Common Stress Symptoms
Keeping your stress levels under control is an ongoing commitment and requires daily attention. Unfortunately, many people fall into a vicious cycle with their coping mechanisms and perform unhealthy activities such as bingeing on TV/movies, eating junk foods and consuming alcohol and drugs.
The most common stress symptoms are listed below in order of acuteness:
- Lack of energy, motivation or interest
- Stomach upsets
- Appetite changes
- Changes in sex drive
How to Deal With Stress Naturally
Unhealthy coping mechanisms are only distractions and may even intensify your stress levels. This, in turn, will cause greater problems such as sleeplessness and overeating, thereby trapping you in a vicious cycle. The best thing to do to protect yourself is to focus on health strategies for dealing with stress.
One very good tool for stress management is EFT (Emotional Freedom Technique). EFT is similar to acupuncture but works without needles. It is a free and simple way to help release emotional baggage quickly. Even children can learn and benefit from it.

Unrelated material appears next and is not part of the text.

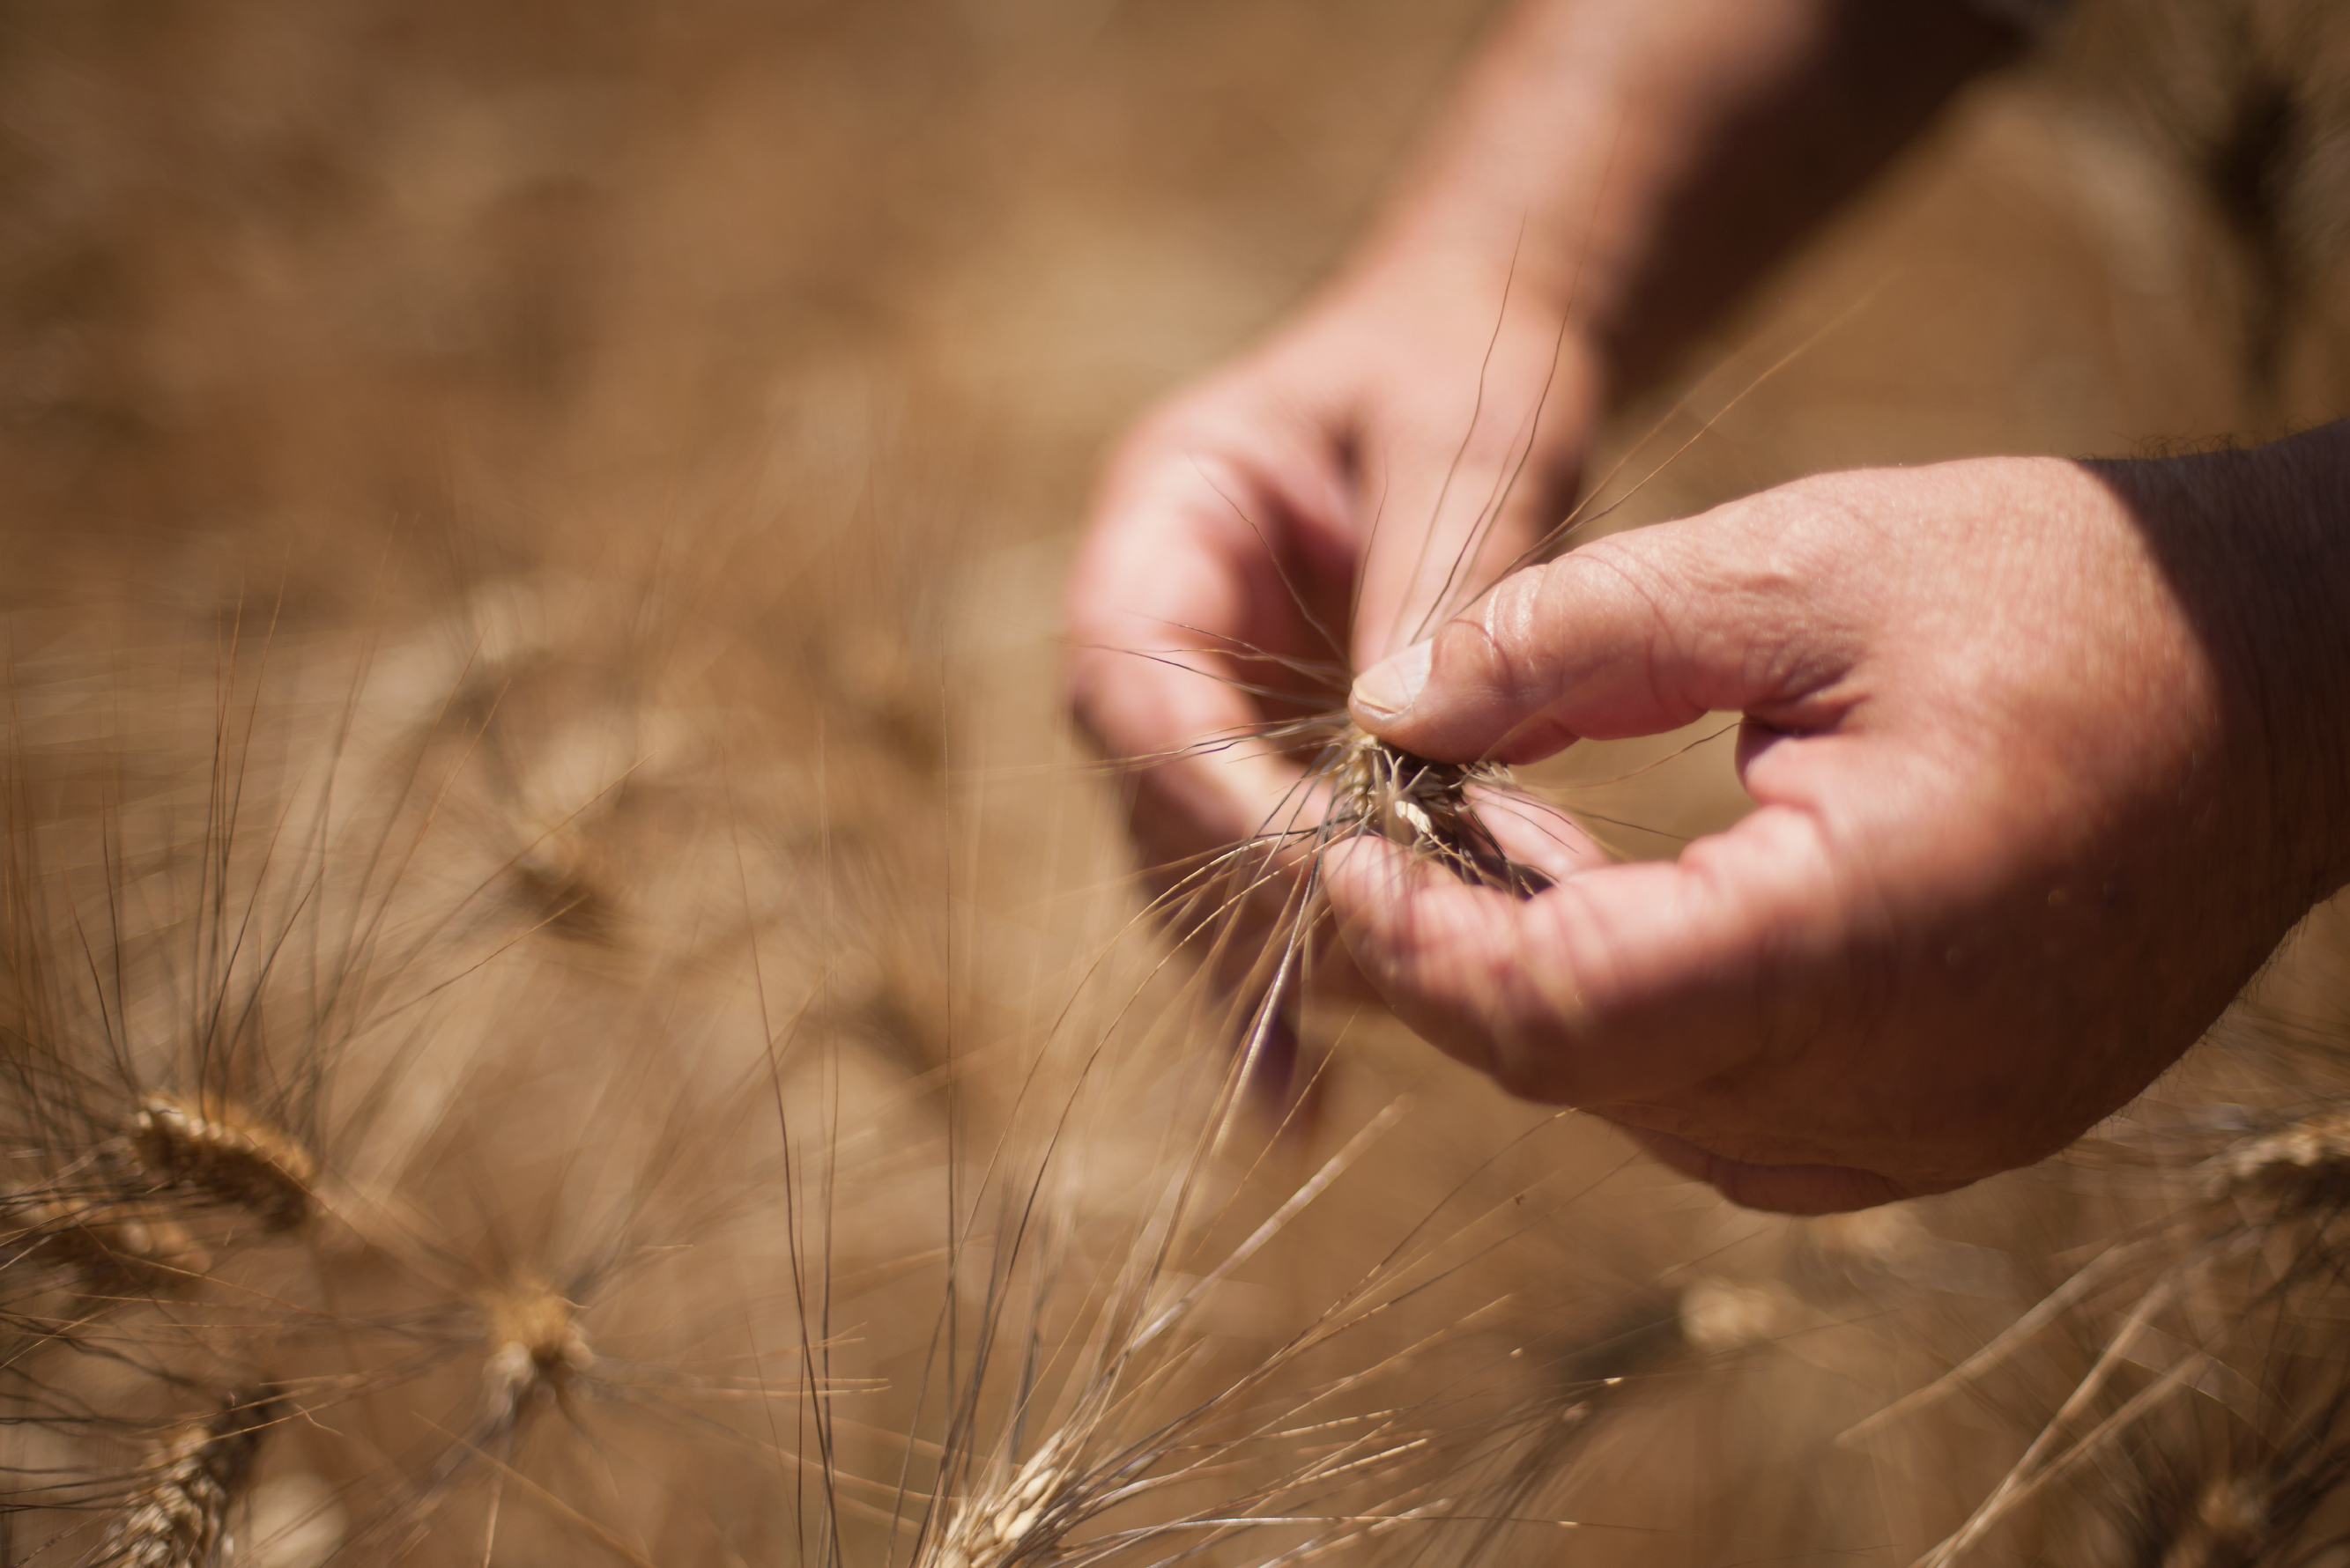 Australian grain leader implements Eka ahead of bumper crop season

Exercise is one of the best natural stress relievers in the world. It has been used as a natural remedy for anxiety due its powerful ability to cause the release of endorphins in the brain. Endorphins are the “feel good” hormones and act as the body’s natural painkillers and antidepressants. The negative effects of stress are increased in those who fail to exercise regularly. Yoga or yoga alternatives can produce some of the same benefits as exercise by reinforcing the mind-body connection, improving self-esteem and controlling anxiety.

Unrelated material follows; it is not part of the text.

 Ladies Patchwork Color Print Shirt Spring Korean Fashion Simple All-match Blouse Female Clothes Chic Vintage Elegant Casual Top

Acupuncture has been used more and more regularly to treat stress-related disorders. These include psychiatric disorders, autoimmune diseases, infertility and depression. Acupuncture can initiate changes in the cardiovascular/immune systems such as increasing protective T-cell growth and encouraging healthy cellular immuno-responses. Because of its ability to regulate the nervous system, acupuncture is one of the best treatments for patients who are recovering from heart disease.
#4 A Healthy Diet
One of the most important things you can do for yourself is to feed your body well. A nutrient-dense diet that includes trace minerals, healthy fats, vitamins, amino acids and antioxidants is critical to ensuring that your brain and body can handle stress the most efficient way possible.
Foods high in B vitamins — raw or cultured dairy products, grass-feed beef, poultry, green leafy vegetables, brewer’s yeast and nutritional yeast
Foods high in protein — bone broth powder, lentils, wild-caught fish, natto, black beans and raw cheese
Foods high in calcium and magnesium — cruciferous vegetables such as broccoli, cabbage,
Brussels sprouts, beans/legumes and organic yogurt
Foods high in healthy fats — coconut oil, avocado, olive oil, fish oil, nuts and seeds
Try to avoid the following foods as they can increase stress levels:
- Processed/refined foods
- High levels of alcohol and caffeine
- Refined vegetable oils
- Foods high in sugar
#5 Adaptogens and Essential Oils
Adaptogenic herbs such as ashwaganda, tulsi (holy basil), ginsing, astralagus root, licorice, rhodiola and cordyceps mushrooms (reishi, shiitake and maitake) help restore balance to the systems of the body. Adaptogens work by helping your overall bodily functions respond in healthy, balanced ways are are commonly used to help decrease the effects of cancer and other serious illnesses.
You could also consider essential oils. Myrrh, lavender, frankincense and bergamot can help reduce inflammation, improve immunity and balance hormones. Consider purchasing a diffuser to allow the oils to disperse through the air in your home or office space.
Stress is unavoidable in the day-to-day lives of the functioning American adult. However, with the right techniques, stress can be managed to prevent it from taking over your life and making you ill.